02-11-2016 06:29 AM
I am currently trying to load around 20 SAS work tables from a single XML file into SAS D.I studio for further validation and transforming.
I have used SAS XML mapper on a local Schema we use and am now currently loading the file through a SAS data step.
Filename XML_Input "&Filename.";
Filename XML_Map "&MappingFile";
libname XML_Input xml xmlmap=XML_Map;
The problem I have is that this process is taking around 20-25 seconds per file. There is only a single variable within the data but there are 45 columns which I imagine is where the bulk of the processing is getting caught. Unfortunately all 45 columns are later required for downstream processing.
Ideally I would like to re-shape the data (via the XML map?) to be long and thin rather than wide and short but I'm not quite sure how I go about this. Any help would be really appreciated - either improvements to the code itself or how to re-structure the XML MAP.
02-11-2016 06:45 AM
I haven't worked with XML and DI Studio. But whenever I'm fronted with XML file options, I always ask for another file format. XML wasn't created for DW data integration in mind, rather for short messages between real time applications.
02-11-2016 08:55 AM
I understand that you may have procedures but sometimes it is appropriate to question those. It sounds like the data was already in SAS since you say SAS work tables. Why not use one of the SAS file transport procedures?
If this is the case of "some one else needs the XML version" the computers don't care if you tell to provide the output in multiple forms. If the files are "very large" you may have issues with storage but the XML will be the culprit not SAS transport files.
Another advantage of something like CPORT is that all of the data sets are in a single file and the extract will recreate all of the files. So if the process later adds more files you really don't need to make much change to the transport part of the code by you would have to add additional steps for each XML.
02-11-2016 09:06 AM
Unfortunately the data arrives through an external XML file and it is my job to then create a number of datasets in SAS.
After some investigation I've found that using a data step to create a table which contains a single observation (from the file header say) takes the same length of time to create a table with ~8000 observations.
So instead of my original hypothesis that the data processing time was so high because of the number of variables I now believe the process is taking a while because no matter even if I'm pulling out a single table with 5 columns and 1 row, or 50 columns with 8000 rows the processing time will always be the same.

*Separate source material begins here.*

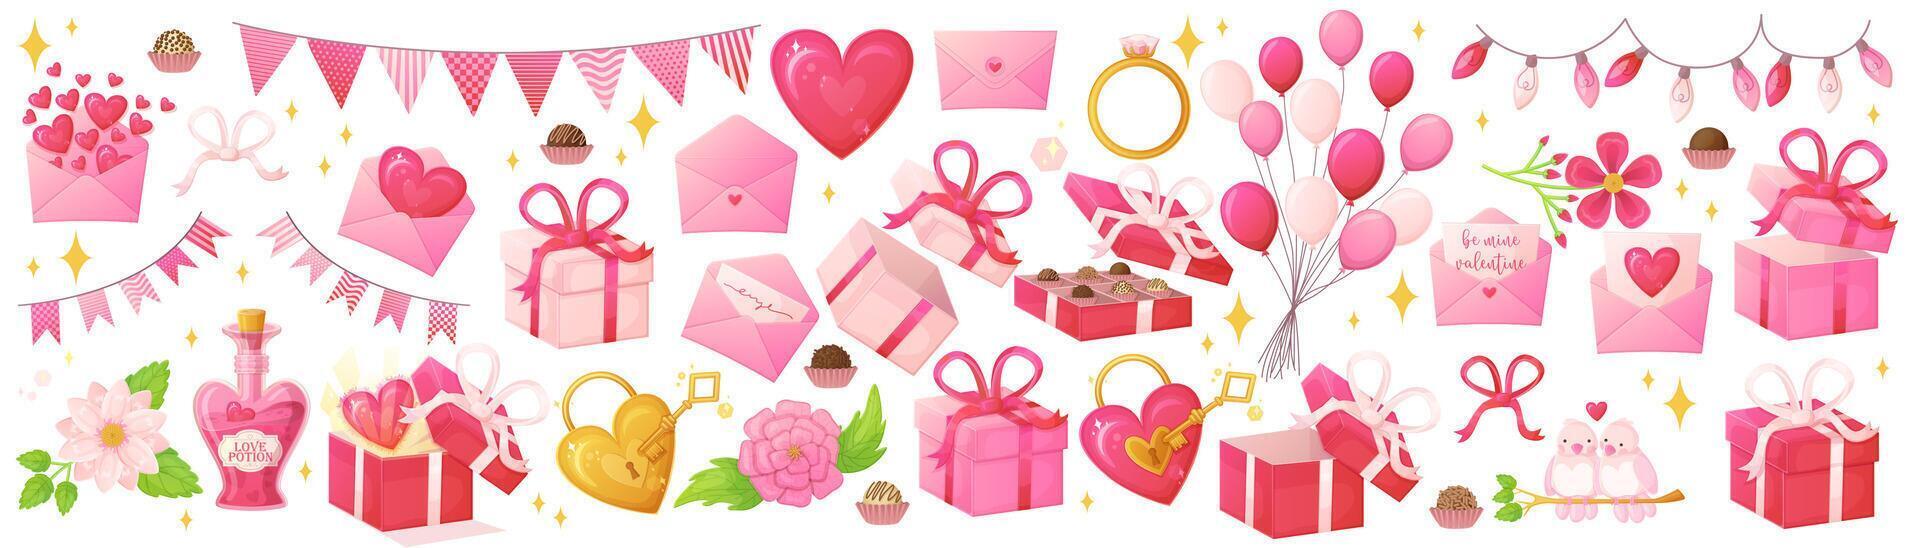 conjunto de objetos de día de san valentín rosa. símbolos de decoración romántica en estilo de dibujos animados realistas. vector

My next train of thought is if there is a way to use a single data step statement (or an alternative way to read in an entire XML file the once) and set all the tables from the XML map I need in one go, rather than having to scan the entire contents of the file either time...
02-11-2016 11:08 AM
If I understand the size of the files is likely not the issue. If the file is located on a network resource it may be a systems communication issue slowing things down such as permissions or the priority the job runs under, or just plain bandwidth bottlenecks. If you have multiple servers involved, one for the file, one for a SAS server and another for execution or similar then any bandwidth or communication problem is likely magnified.
I don't use the XML mapper very often so I'm not sure if that doesn't create an additional performance penalty.
02-12-2016 02:23 AM
The only performance penalty I can speak of is with regards to the fact the datastep appears to have to scan the entire XML file for each datastep even if the resulting table I wish to create is only a single row in length.
Again for example a table with a single row will take the same amount of time as a table with thousands of rows. I was just curious if there was a way to mitigate this waste in processing - to load the XML file into SAS in it's entirety once and then set the various tables as they are specified in the XML map.
02-17-2016 07:40 PM
My feeling is very similar to Reeza's...this is an inherent behaviour of XML, which to me is better suited to small volumes of complex data rather than statistical data volumes. You might be able to speed things up, but at the cost of putting yourself behind the eight-ball when the data structure changes (which it always does). If I'm reading your posts right, you're only losing about ten minutes for all of this irritation; would you be best off just putting up with it?
Let us know what you figure out,
04-23-2018 10:24 AM
We can create a XML mapper to get only one output table instead of 20 small tables and joining them to get data.
There is retain functionality that can be used to achieve the one table output result.
But I am not sure if it is really going to save any time.
XML in data analysis is very bad kind of data.
02-17-2016 04:59 PM
I see you are using the XML LIBNAME engine. If you are running on SAS 9.2 or later, you could be using the XMLV2 LIBNAME engine. Being the most recent version of the XML engine, it may have improvements that could speed up the loading of the data.